Sin embargo, expertos en e-marketing consultados sobre el tema expresaron sus dudas de que hayan sido simples cálculos algorítmicos los que hayan posicionado en primer lugar de búsquedas a un oscuro diario online en Blogspot (sitio administrado por Google) de supuestas “hot girls” conteniendo una serie de fotos de la señora Obama, y no, de manera natural, al sitio web oficial de la esposa del presidente de los Estados Unidos.

A últimas fechas se cuestiona entre los usuarios de la web la calidad de los resultados de búsquedas generales, invariablemente contaminados por la estrategia mercadotécnica de las palabras clave y hay quienes temen que a causa de esta mercantilización de las búsquedas, la época de oro de la Internet gratuita esté llegando a sus últimos días.

Y más aún, que en el mejor de los casos los buscadores como Google o Yahoo! pretendan en el largo plazo crear servicios pagados de búsquedas más apegadas a los requerimientos de los usuarios. Y digo “mejor de los casos”, porque en el peor podríamos estar ante una guerra sucia de parte de ciertos grupos de Poder que buscan que los usuarios de Internet avalemos legislaciones que, tomando como pretexto los delitos de difamación, de violación a derechos de propiedad intelectual e industrial y la pornografía infantil, comiencen a censurar y controlar lo que se publica en la web.

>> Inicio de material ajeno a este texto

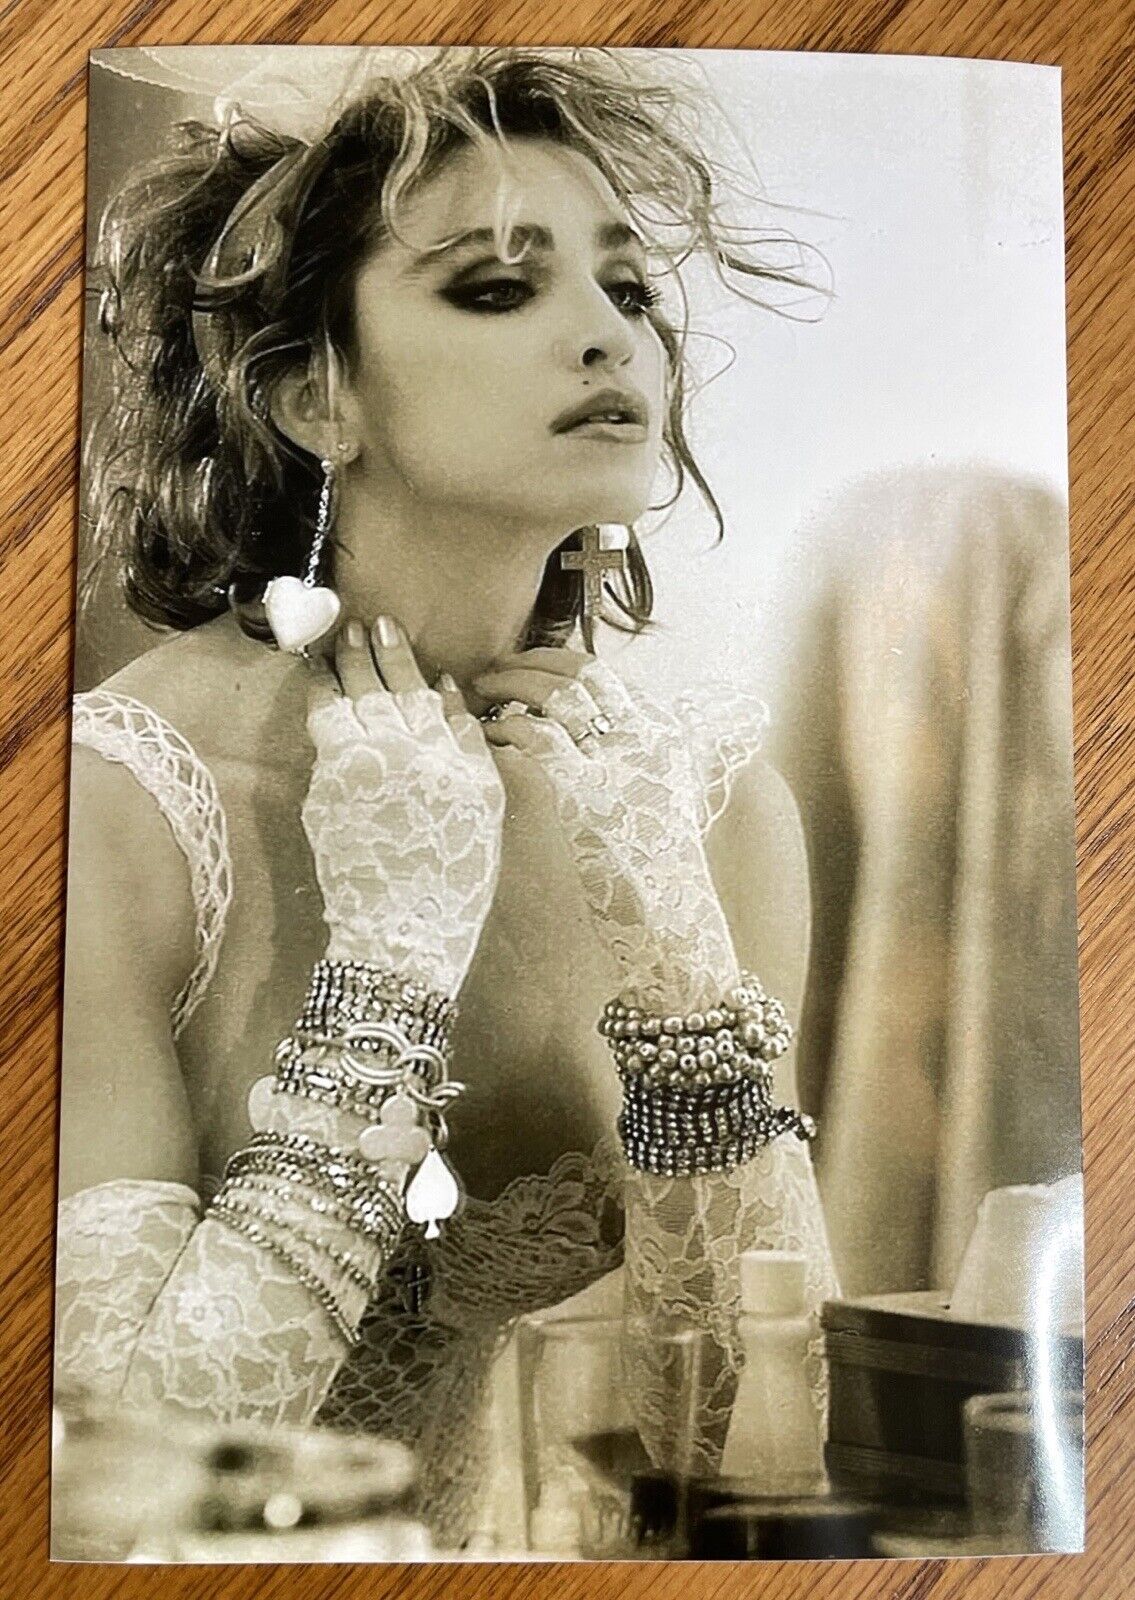 Madonna "1980s Music Icon" Like A Virgin 4x6 Bw Glossy Photo, Beautiful! ( New )

Se supone que la Web 3.0 basada en análisis de contenidos completos y no sólo de palabras clave, deberá generar resultados de búsqueda de mayor calidad. Pero mientras este proceso de búsqueda se generaliza en la web, tendremos que soportar balandronadas como la fotocomposición que ridiculiza a una mujer respetable y por cierto muy hermosa como Michelle Obama, y la retahila de sucios comentarios en foros de tufo kukuxklanero que no tienen más sustancia que la difamación, los cuales alejan a la Opinión Pública de la web del diálogo social maduro y bien argumentado que urge en la aldea global.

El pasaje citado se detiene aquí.